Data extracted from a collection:
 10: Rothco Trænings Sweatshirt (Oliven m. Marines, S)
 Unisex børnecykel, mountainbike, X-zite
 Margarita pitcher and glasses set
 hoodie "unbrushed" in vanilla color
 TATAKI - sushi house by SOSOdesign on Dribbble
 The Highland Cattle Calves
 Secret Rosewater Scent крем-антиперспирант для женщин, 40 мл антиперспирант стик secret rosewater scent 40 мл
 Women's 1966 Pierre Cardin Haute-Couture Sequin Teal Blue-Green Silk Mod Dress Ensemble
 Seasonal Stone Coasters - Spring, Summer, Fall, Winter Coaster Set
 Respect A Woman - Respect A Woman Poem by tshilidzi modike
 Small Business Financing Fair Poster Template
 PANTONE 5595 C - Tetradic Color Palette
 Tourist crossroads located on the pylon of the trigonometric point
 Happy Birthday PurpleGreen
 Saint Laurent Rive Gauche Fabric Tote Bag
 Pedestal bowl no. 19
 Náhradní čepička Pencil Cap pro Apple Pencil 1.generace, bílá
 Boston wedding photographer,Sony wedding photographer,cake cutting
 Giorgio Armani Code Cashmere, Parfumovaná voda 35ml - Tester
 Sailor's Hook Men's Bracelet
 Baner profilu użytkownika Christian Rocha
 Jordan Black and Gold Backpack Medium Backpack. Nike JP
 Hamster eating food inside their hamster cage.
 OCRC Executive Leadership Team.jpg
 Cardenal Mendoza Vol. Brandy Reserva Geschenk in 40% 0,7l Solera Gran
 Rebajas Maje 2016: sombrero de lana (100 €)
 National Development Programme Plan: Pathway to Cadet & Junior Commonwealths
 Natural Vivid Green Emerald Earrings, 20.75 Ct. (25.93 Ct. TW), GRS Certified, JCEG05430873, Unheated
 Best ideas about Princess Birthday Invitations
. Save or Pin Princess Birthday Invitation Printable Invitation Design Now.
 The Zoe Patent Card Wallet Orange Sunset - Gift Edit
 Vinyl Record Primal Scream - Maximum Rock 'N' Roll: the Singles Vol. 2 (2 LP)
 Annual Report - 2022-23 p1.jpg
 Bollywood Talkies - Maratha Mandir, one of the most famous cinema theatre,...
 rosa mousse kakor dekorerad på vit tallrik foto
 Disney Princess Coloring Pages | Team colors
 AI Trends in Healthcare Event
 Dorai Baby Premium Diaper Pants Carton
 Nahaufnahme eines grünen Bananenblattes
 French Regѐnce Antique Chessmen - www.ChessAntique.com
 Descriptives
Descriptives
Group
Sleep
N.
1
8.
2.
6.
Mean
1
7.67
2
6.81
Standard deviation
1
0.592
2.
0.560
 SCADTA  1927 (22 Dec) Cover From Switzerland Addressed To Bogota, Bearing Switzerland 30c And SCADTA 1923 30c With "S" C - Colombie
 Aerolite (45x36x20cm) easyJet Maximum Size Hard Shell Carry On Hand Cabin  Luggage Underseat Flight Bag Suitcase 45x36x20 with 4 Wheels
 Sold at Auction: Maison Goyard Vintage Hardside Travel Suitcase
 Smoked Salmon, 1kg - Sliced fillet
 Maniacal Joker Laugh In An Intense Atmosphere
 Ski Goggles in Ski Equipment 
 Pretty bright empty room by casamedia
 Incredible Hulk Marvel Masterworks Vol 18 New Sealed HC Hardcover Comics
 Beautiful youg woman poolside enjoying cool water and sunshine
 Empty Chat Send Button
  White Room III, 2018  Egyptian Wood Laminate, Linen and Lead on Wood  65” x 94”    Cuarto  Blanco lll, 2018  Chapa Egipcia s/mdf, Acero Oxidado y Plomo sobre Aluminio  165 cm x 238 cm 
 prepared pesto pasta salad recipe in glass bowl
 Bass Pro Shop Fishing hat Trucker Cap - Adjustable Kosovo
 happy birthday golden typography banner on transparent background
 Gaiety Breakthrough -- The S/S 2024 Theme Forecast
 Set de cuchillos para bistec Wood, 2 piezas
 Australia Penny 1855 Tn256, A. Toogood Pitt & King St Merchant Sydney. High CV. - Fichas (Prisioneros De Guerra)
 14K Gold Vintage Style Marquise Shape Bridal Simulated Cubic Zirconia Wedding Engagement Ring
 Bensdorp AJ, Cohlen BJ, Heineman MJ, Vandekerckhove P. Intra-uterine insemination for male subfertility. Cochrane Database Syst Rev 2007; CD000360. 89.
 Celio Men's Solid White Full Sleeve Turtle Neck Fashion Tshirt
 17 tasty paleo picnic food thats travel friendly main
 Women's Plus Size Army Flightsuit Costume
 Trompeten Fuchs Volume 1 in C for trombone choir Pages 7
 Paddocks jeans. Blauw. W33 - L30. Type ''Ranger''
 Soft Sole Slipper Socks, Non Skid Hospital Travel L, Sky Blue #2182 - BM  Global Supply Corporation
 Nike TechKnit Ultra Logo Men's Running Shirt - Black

• _Exercise requirements_
The lines from the start of the entries above through the line containing "Small Business Financing" are the ones to return, please; copy them exactly and include both ends.

• _The completed task_
 10: Rothco Trænings Sweatshirt (Oliven m. Marines, S)
 Unisex børnecykel, mountainbike, X-zite
 Margarita pitcher and glasses set
 hoodie "unbrushed" in vanilla color
 TATAKI - sushi house by SOSOdesign on Dribbble
 The Highland Cattle Calves
 Secret Rosewater Scent крем-антиперспирант для женщин, 40 мл антиперспирант стик secret rosewater scent 40 мл
 Women's 1966 Pierre Cardin Haute-Couture Sequin Teal Blue-Green Silk Mod Dress Ensemble
 Seasonal Stone Coasters - Spring, Summer, Fall, Winter Coaster Set
 Respect A Woman - Respect A Woman Poem by tshilidzi modike
 Small Business Financing Fair Poster Template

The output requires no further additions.